First, market volatility often precedes and catalyzes on-chain engagement, with trading as one of the primary use cases for blockchain applications. As BTC and ETH begin to exhibit increased volatility, we expect speculative capital to be drawn into the on-chain space for trading opportunities, leading to an increase in transactions and fees.
The second, and perhaps more substantial, reason for optimism is the resurgence of airdrops as a popular method for token distribution. This strategy, which places newly issued tokens directly into the hands of users, is not only an incentive for participation but also a strong signal of project confidence.
The fact that prominent projects are once again initiating airdrops suggests a positive sentiment regarding market conditions.
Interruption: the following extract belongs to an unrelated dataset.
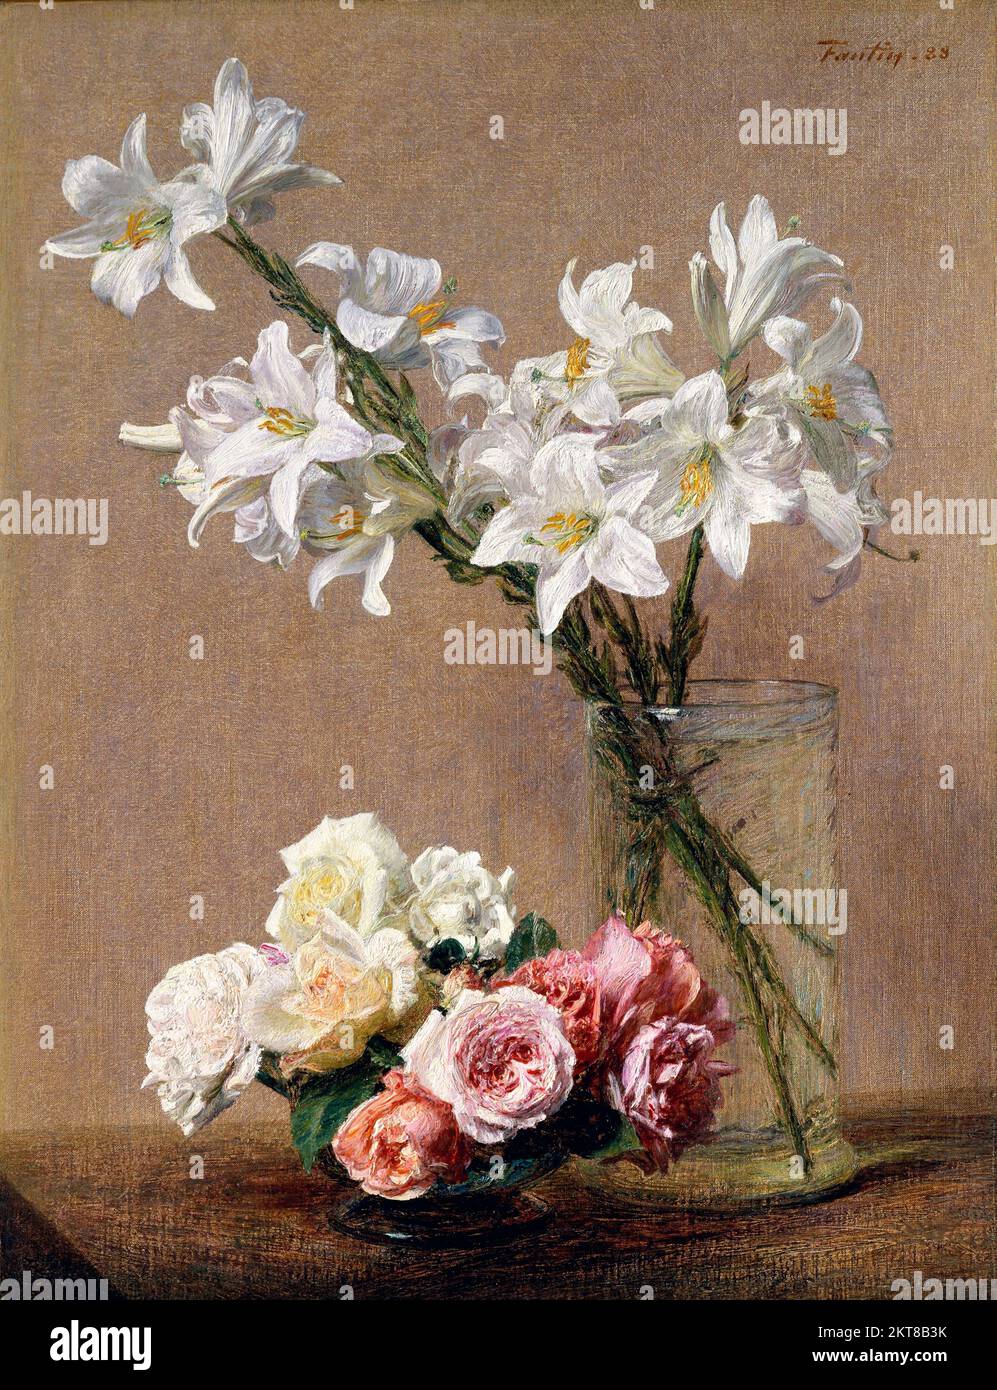 Roses et lilas d'Henri Fantin-Latour (1836-1904), huile sur toile, 1888 Banque D'Images
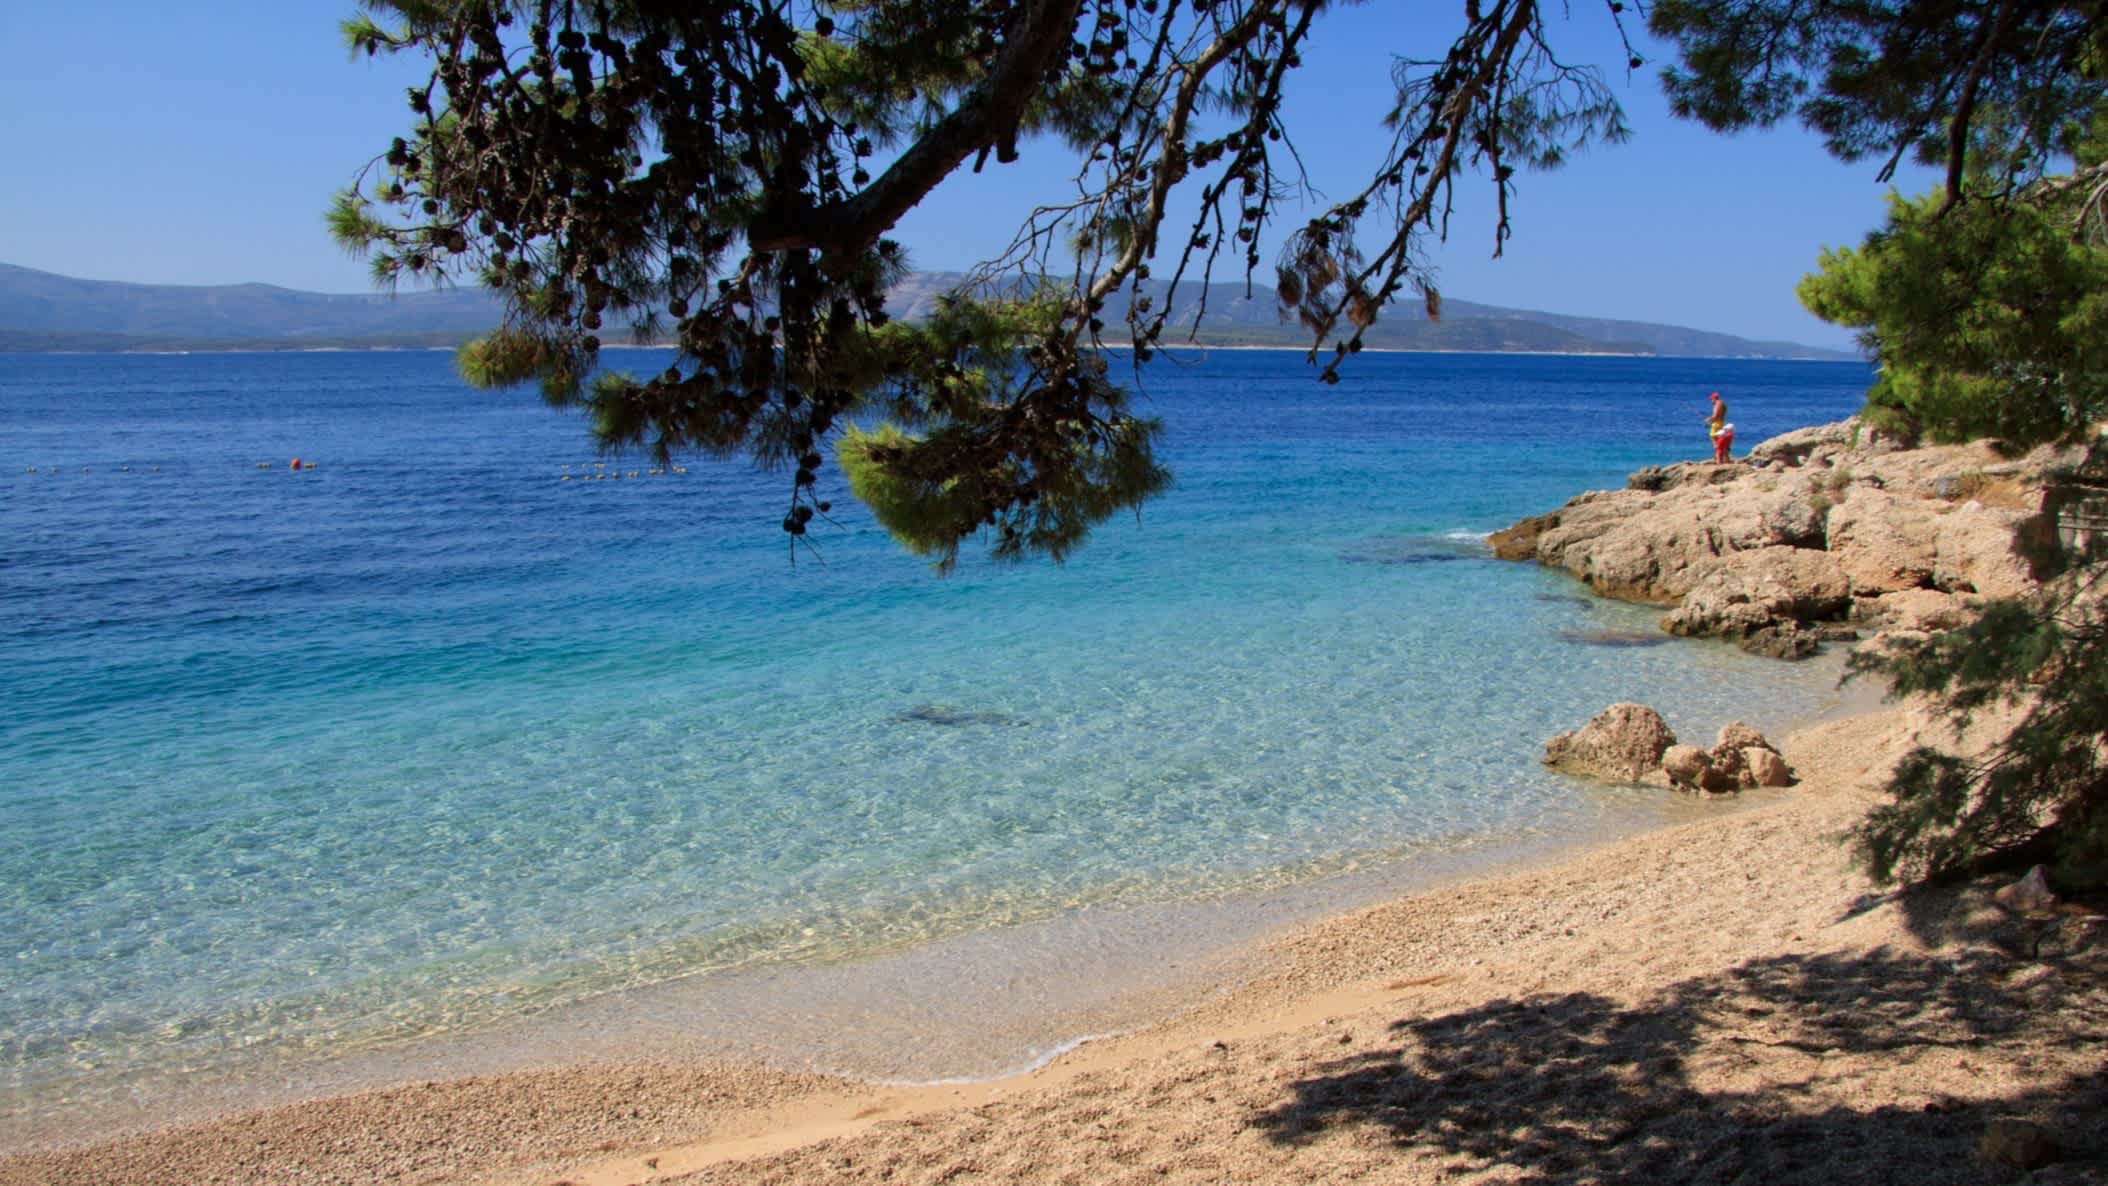 Der Strand Murvica, Insel Brac, Kroatien mit Blick auf das klare Wasser und due Felsen sowie einem Pinienbaum im Bild.

This week, we observed a significant airdrop from Celestia (TIA), which coincided with the launch of its mainnet, marking it as the first public modular data availability network. The airdrop allocated 6% of TIA’s total circulating supply. The Celestia airdrop alone has injected approximately $140 million of on-chain value, particularly targeting users within the Cosmos (ATOM) and Ethereum (ETH) Layer 2 ecosystems.
Such strategic distributions are poised to generate a ‘wealth effect’ that, alongside the previously mentioned capital inflows, is likely to spur on-chain activity and investment in related assets. With the expectation that TIA tokens will soon bridge to EVM-compatible environments, a new wave of on-chain interest is anticipated.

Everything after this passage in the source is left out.